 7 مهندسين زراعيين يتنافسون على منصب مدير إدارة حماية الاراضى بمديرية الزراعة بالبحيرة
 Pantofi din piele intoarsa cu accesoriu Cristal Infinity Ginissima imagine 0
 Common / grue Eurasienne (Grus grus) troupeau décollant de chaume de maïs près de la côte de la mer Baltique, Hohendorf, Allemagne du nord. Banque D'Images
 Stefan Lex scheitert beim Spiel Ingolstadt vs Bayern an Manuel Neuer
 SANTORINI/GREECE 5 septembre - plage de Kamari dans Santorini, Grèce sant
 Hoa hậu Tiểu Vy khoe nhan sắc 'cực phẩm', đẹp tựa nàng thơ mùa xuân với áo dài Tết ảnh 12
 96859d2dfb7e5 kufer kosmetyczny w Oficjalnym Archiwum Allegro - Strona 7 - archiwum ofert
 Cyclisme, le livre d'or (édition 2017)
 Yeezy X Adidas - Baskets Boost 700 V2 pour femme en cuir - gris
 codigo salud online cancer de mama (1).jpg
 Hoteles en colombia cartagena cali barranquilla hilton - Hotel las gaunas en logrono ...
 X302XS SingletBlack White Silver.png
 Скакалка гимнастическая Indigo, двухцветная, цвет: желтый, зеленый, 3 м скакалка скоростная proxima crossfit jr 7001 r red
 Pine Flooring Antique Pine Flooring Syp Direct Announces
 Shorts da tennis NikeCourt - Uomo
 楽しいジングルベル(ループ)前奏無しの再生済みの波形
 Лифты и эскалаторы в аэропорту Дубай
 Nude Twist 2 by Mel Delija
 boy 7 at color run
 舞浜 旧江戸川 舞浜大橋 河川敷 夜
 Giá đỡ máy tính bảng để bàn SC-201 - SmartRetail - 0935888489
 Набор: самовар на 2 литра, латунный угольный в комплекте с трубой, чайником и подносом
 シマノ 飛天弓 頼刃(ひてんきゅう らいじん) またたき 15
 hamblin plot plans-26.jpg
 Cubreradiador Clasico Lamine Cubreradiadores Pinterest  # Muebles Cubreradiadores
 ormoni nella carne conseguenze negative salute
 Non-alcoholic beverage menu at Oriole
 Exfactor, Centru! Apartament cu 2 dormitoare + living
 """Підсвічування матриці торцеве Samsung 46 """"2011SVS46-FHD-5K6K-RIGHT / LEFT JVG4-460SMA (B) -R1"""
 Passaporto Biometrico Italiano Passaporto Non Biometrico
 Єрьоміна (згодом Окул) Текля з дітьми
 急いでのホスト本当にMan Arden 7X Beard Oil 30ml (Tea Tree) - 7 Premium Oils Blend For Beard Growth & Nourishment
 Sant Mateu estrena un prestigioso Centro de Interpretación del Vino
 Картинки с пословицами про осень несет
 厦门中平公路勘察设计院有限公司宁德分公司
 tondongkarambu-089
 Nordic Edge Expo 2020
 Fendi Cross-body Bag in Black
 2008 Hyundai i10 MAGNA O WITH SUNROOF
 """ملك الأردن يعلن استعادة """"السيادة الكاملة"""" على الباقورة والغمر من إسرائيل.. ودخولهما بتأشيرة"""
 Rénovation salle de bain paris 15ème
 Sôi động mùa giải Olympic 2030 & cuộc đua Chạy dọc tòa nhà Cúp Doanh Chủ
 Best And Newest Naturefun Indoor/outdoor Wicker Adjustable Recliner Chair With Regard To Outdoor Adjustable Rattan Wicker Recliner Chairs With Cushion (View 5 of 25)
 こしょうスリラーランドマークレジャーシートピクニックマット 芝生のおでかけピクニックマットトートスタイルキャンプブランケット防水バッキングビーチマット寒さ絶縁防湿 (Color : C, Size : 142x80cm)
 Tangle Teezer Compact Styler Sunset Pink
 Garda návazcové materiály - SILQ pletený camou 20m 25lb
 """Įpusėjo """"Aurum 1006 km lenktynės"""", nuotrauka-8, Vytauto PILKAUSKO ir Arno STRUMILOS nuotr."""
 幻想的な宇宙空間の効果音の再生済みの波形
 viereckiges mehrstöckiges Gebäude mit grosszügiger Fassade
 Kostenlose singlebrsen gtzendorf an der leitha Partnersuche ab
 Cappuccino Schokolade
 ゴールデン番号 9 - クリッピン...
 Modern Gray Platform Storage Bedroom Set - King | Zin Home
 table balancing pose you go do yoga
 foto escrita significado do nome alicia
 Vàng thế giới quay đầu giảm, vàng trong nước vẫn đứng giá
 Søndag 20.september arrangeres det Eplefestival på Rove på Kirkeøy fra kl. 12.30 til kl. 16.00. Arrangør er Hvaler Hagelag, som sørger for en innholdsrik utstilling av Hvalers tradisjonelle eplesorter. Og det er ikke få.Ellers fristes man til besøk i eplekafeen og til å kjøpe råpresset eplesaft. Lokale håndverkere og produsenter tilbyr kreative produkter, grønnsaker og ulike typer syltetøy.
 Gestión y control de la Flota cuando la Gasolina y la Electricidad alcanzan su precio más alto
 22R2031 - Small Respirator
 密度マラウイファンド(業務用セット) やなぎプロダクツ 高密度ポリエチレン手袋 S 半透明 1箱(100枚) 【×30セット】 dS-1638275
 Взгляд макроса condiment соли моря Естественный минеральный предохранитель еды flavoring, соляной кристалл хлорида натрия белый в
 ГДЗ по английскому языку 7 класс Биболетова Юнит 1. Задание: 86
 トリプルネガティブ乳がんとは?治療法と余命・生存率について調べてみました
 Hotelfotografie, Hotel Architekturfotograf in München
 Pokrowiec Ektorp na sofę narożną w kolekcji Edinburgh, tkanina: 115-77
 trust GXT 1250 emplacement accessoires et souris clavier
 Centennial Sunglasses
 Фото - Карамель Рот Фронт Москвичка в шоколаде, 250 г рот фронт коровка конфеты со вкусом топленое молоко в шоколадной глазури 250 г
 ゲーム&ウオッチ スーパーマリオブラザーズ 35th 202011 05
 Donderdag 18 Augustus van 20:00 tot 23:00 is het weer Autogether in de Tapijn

### Required work
Go through the listing above and write out exactly the lines starting with the one holding "Best And Newest" and running through the one holding "table balancing pose you go do yoga", ends included, and no others.

### Answer space
 Best And Newest Naturefun Indoor/outdoor Wicker Adjustable Recliner Chair With Regard To Outdoor Adjustable Rattan Wicker Recliner Chairs With Cushion (View 5 of 25)
 こしょうスリラーランドマークレジャーシートピクニックマット 芝生のおでかけピクニックマットトートスタイルキャンプブランケット防水バッキングビーチマット寒さ絶縁防湿 (Color : C, Size : 142x80cm)
 Tangle Teezer Compact Styler Sunset Pink
 Garda návazcové materiály - SILQ pletený camou 20m 25lb
 """Įpusėjo """"Aurum 1006 km lenktynės"""", nuotrauka-8, Vytauto PILKAUSKO ir Arno STRUMILOS nuotr."""
 幻想的な宇宙空間の効果音の再生済みの波形
 viereckiges mehrstöckiges Gebäude mit grosszügiger Fassade
 Kostenlose singlebrsen gtzendorf an der leitha Partnersuche ab
 Cappuccino Schokolade
 ゴールデン番号 9 - クリッピン...
 Modern Gray Platform Storage Bedroom Set - King | Zin Home
 table balancing pose you go do yoga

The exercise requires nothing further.